I’m chuffed as all heck to report it’s finished--yay! And the manuscript is now with a couple of beta-readers while I immerse myself in synopsis hell and take a hike across the blurb badlands etc., in preparation for jumping on the query treadmill. (Should have sent out a purple prose warning for that last bit, huh? Sorry.)

And now I have a dilemma. You see, I’m a habitual industry blog reader. So a couple of months back, when my work-in-progress was in its infancy, I spotted a list of agent or editor (can’t remember which, now) pet hates. And to my chagrin, what did I see on the list? Something like, “Do not begin the opening scene of your story with the hero or heroine having a dream.”

Mmm. Me, being me, that is, woefully insecure, and for the most part convinced that my writing blows chunks despite contest wins and yanno, actually having four books published, I immediately opened up my manuscript and changed the beginning.

I mean, why wouldn’t I? Who’s gonna risk an “Oh God. She started the bloody story with a bloody dream sequence. Epic fail. Where the hell is my form rejection letter?” In my defense, that dream bit is significant, though, so I used it to kick off Chapter 2. (And of course I did save the original beginning, because I am that writer who has multiple versions of her manuscripts saved in folders on her computer, *g*.)

So what’s the problem? I hear you asking. Well, the problem is that my beta-readers think the opening chapter is pretty good. But what really sucked them into the story and made them go, “Oooh! Oooh! Now you’ve got me on the edge of my seat!” is—you guessed it—Chapter 2. With the dream scene. And, opinionated readers that they are, they reckon I should go with my first instincts, and go with my original beginning.


Am I shooting myself in the foot by starting off a story with an industry professional’s “pet hate”? Must be one that really irks them if they cared enough to blog about it, right?

Or do I put on my big-girl panties (in my case they’re Thunderpants, because they don’t go up your bum, and when you spending as much time sitting down as I do, a g-string almost requires surgical removal from your butt-cheeks) and go, “Sod it. I’m going with my instincts. So there!”

Your feedback, as always, is precious to me! So feel free to have at it.



Trisha said...

If there dream is something significant, i.e. a premonition, or a memory of some dramatic crappy past event...why not? And if Stephenie Meyer did it, why can't you? :P I mean, she did hers with book 2, but still...

Gail Hart said...

Oh geeze, Maree, that's a tough one. Have these betas given you good advice before? How much do you trust their judgment?

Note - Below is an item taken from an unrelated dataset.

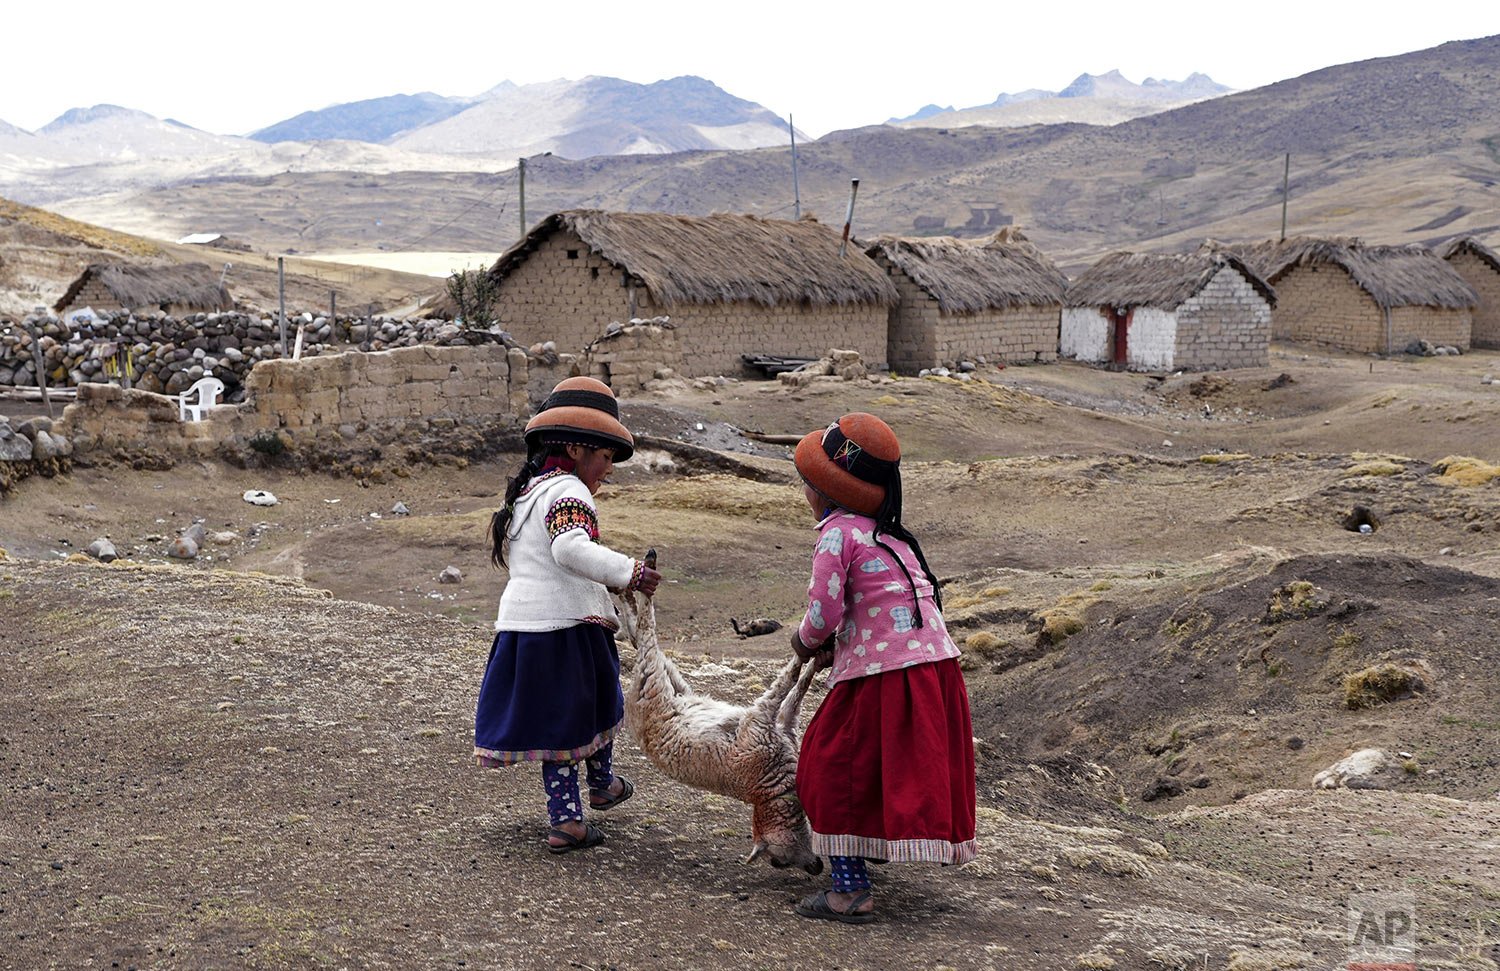  Girls carry a dying sheep in the Cconchaccota community of the Apurimac region in Peru, Saturday, Nov. 26, 2022, amid an ongoing drought. (AP Photo/Guadalupe Pardo) 
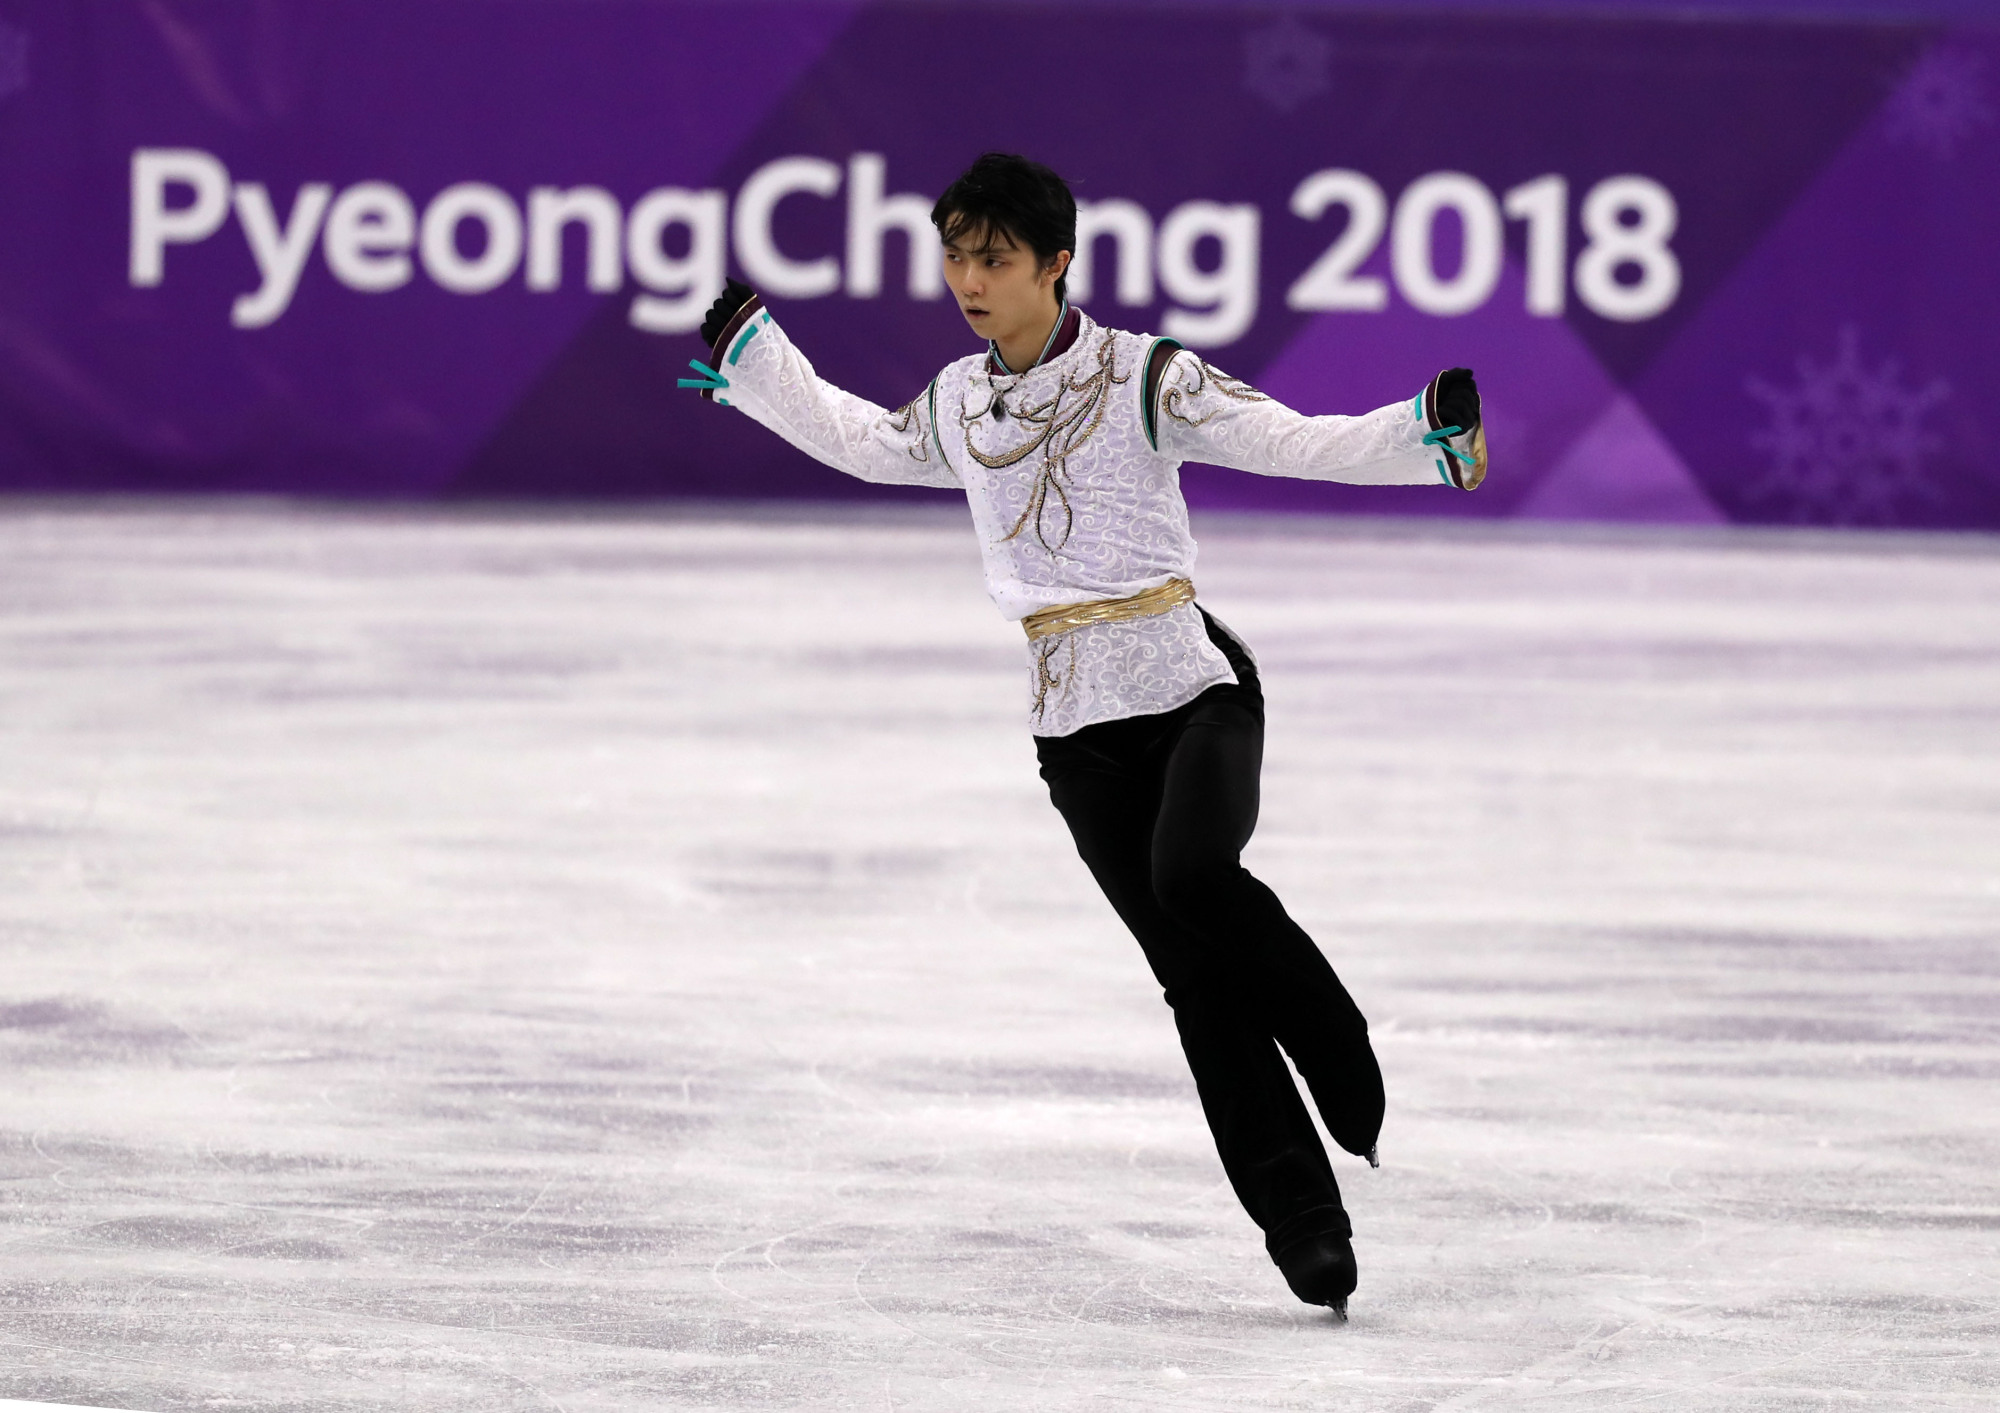 Yuzuru Hanyu became the first man in 66 years to defend the Olympic title when he won the gold medal at the Pyeongchang Olympics. His coach Brian Orser said in a recent interview that Hanyu is the greatest skater of all time. | SIPA USA VIA AP

I came across the same freaking list recently, and the opening I wanted to use in a "just for fun" project (will probably be self-published) was on it too. While I was deciding whether to make a change, I read a recent book in the Harlequin line I'm targeting with my main wip that used my exact opening. So I'm keeping it

Jennifer L Hart said...

Maree my dear, you have to write the story you love. If there is any way to write it without said element you can try to reopen the book like that but the old one woman's trash is another's keeper seems to apply here. Yes, agents are weary, bleary and leery, but you just never know.

I opened Who Needs A Hero? with my heroine walking in on her fiance in bed with another woman. It's been done a million times because woman can relate to it. Same goes with dreaming. Go with your gut, not what you think you should do. Just my 2 cents.

Saranna DeWylde said...

I agree. One agent's or editor's pet peeve isn't going to be everyone's. You have to write the story that's there. It may sell, it may not. But that's the case with everything anyone writes.